Apple has never been friendly to user repairs and yet again the company has stressed its disapproval of using third-party spare parts to repair its devices screens.
Screen and battery replacements are two of the most common smartphone repairs and Apple is targeting both. Last month, the company changed its battery health messaging in an attempt to scare users into only using Apple-authorized repair services.
The warning message that Apple rolled out earlier this year for the iPhone XR, XS and XS Max said: “Unable to verify this iPhone has a genuine Apple battery. Health information not available for this battery.”
The company activated this particular warning with iOS 13.1, and it may also tell users that the company “has updated the device information for” an iPhone.Meaning, the device will make a note that it has an unauthorized part for service needs and safety analysis.
Now the company has introduced similar messaging around Apple screen repairs.
In a new support page, the tech giant said iPhone 11, iPhone 11 Pro and iPhone 11 Pro Max users will see an “Important Display Message” if they replace their screens with an aftermarket component. The message will say “Unable to verify this iPhone has a genuine Apple display.” However, the company has only announced this ‘feature’ for the iPhone 11, iPhone 11 Pro, and iPhone 11 Pro Max.

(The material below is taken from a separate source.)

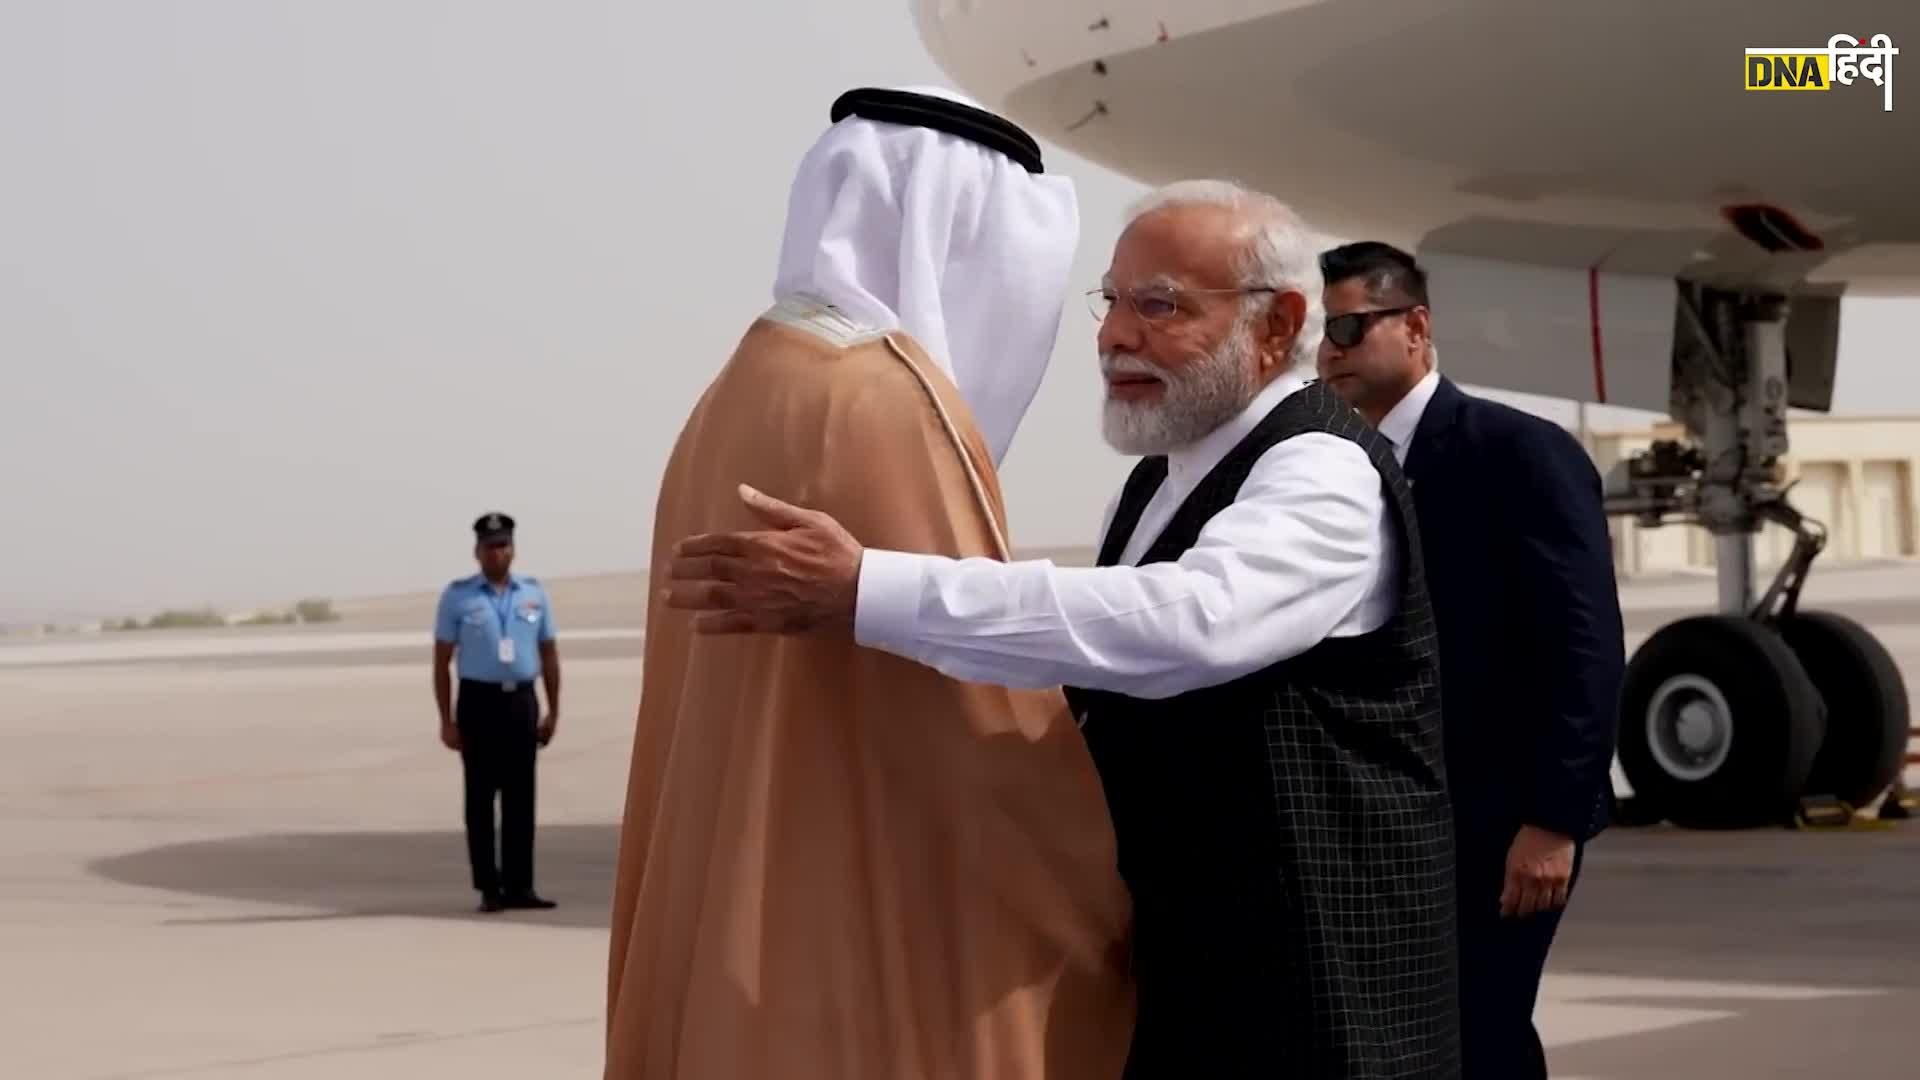 Video: Abu Dhabhi में IIT, भारत की करेंसी में व्यापार, PM Modi के UAE दौरे की बड़ी बातें

This warning is apparently displayed for four days and then moves to the Settings menu. After 15 more days, it’ll be moved to Settings -> General -> About, great news is that you only have to put up with Apple pestering you about non-genuine screens for the better part of a month before the company will deign to allow you to use your device in the manner you chose without nagging you about it.
Considering that the messages are pretty hidden, they won’t have any impact on the way people use their devices. Nevertheless, Apple has issued a strong warning in the new support page, telling users that using non-genuine display parts and going to unauthorized service providers could lead to multi-touch issues, incorrect color calibration, and ambient light sensor problems, among others.

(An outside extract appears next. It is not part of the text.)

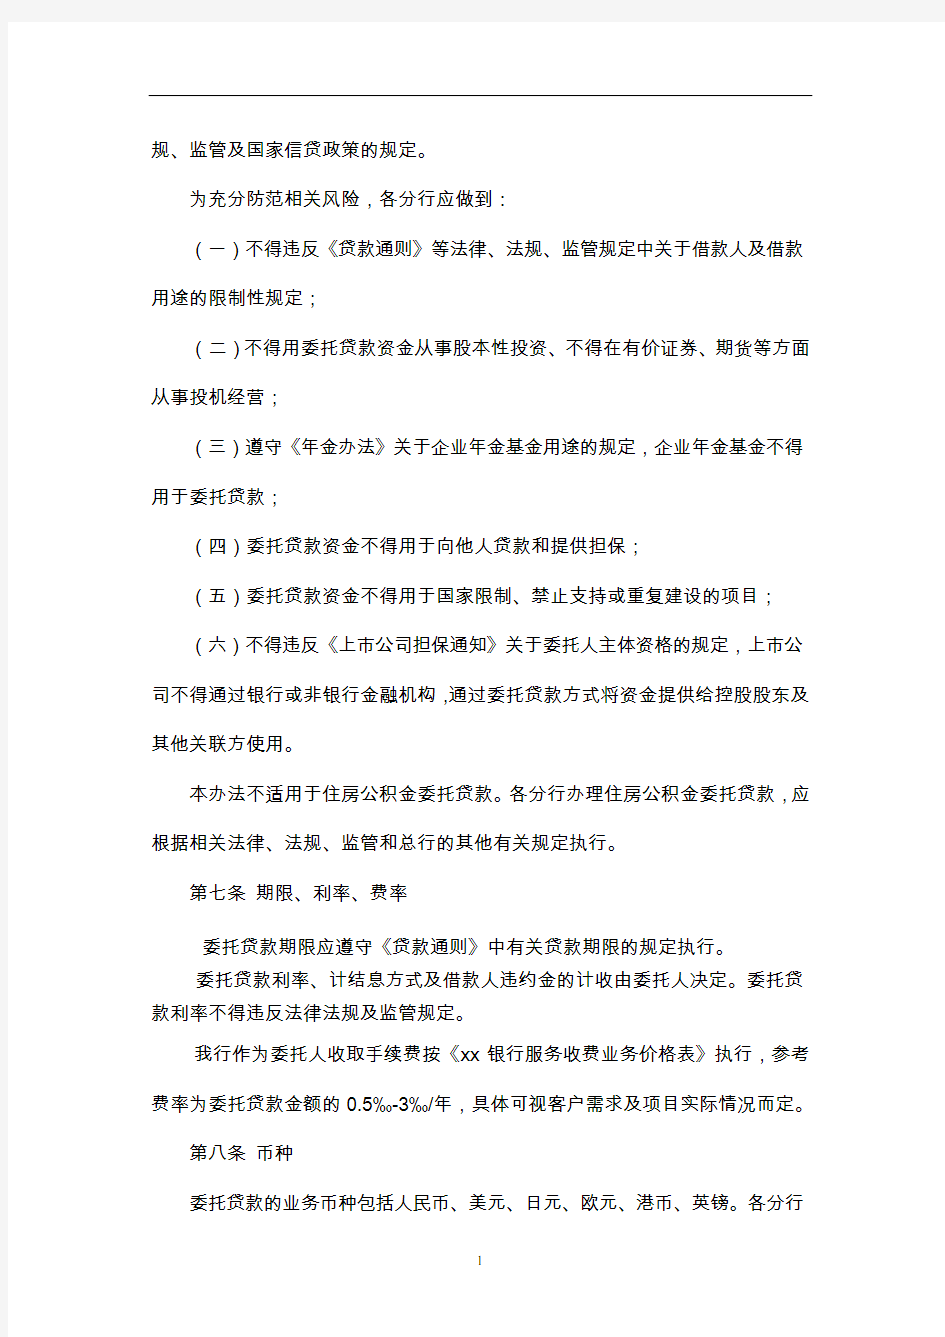 中国银行股份有限公司委托贷款管理办法

“Only technicians who have completed Apple service training and who use Apple genuine parts and tools should replace iPhone displays… Replacements not performed by Apple, authorized service providers, or certified technicians might not follow proper safety and repair procedures and could result in improper function or issues with display quality or safety. Apple displays are designed to fit precisely within the device. Additionally, repairs that don’t properly replace screws or cowlings might leave behind loose parts that could damage the battery, cause overheating, or result in injury.”
iFixit reportedly tested this behavior by swapping out the displays on several iPhone 11 models. The warnings weren’t present in iOS 13 betas or the final version of iOS 13 that shipped with the iPhone 11, however, it’s baked into the iPhone 13.1 iOS version that’s now being distributed. It’s obvious that Apple hasn’t truly baked anything into the device that can detect whether an authorized screen has been used.
Another thing is that iFixit still saw the same message when swapping iPhone 11 displays with other, 100 percent legitimate, Apple-manufactured iPhone displays.
So what’s the problem?
The problem is, without the software tools required to authorize the repair, the message is still shown. Whereby even swapping the FaceID hardware along with the display doesn’t make the message go away.
However, Apple has been clear on its goal to verify third-party repair stores. The company recently announced that it was going to begin opening up its process for authorizing more repair shops to become Apple-authorized resellers, but in the past, the repair programs Apple created for third-party shops did a very poor job of actually providing useful service.
Companies that signed up under these rules were almost always required to ship products back to Apple for repair rather than completing the work themselves. Apple still maintains that it can forbid any firm from performing Apple screen repairs for any reason and that completing all of its required coursework and certifications does not mean that a business will be allowed to qualify as an Apple-authorized repair center.
In August, the company said it’ll offer stores the same “genuine parts, tools, training, repair manuals and diagnostics” as Apple Authorized Service Providers. That means iPhone owners will have more options available to them and repairs will be undertaken using official processes.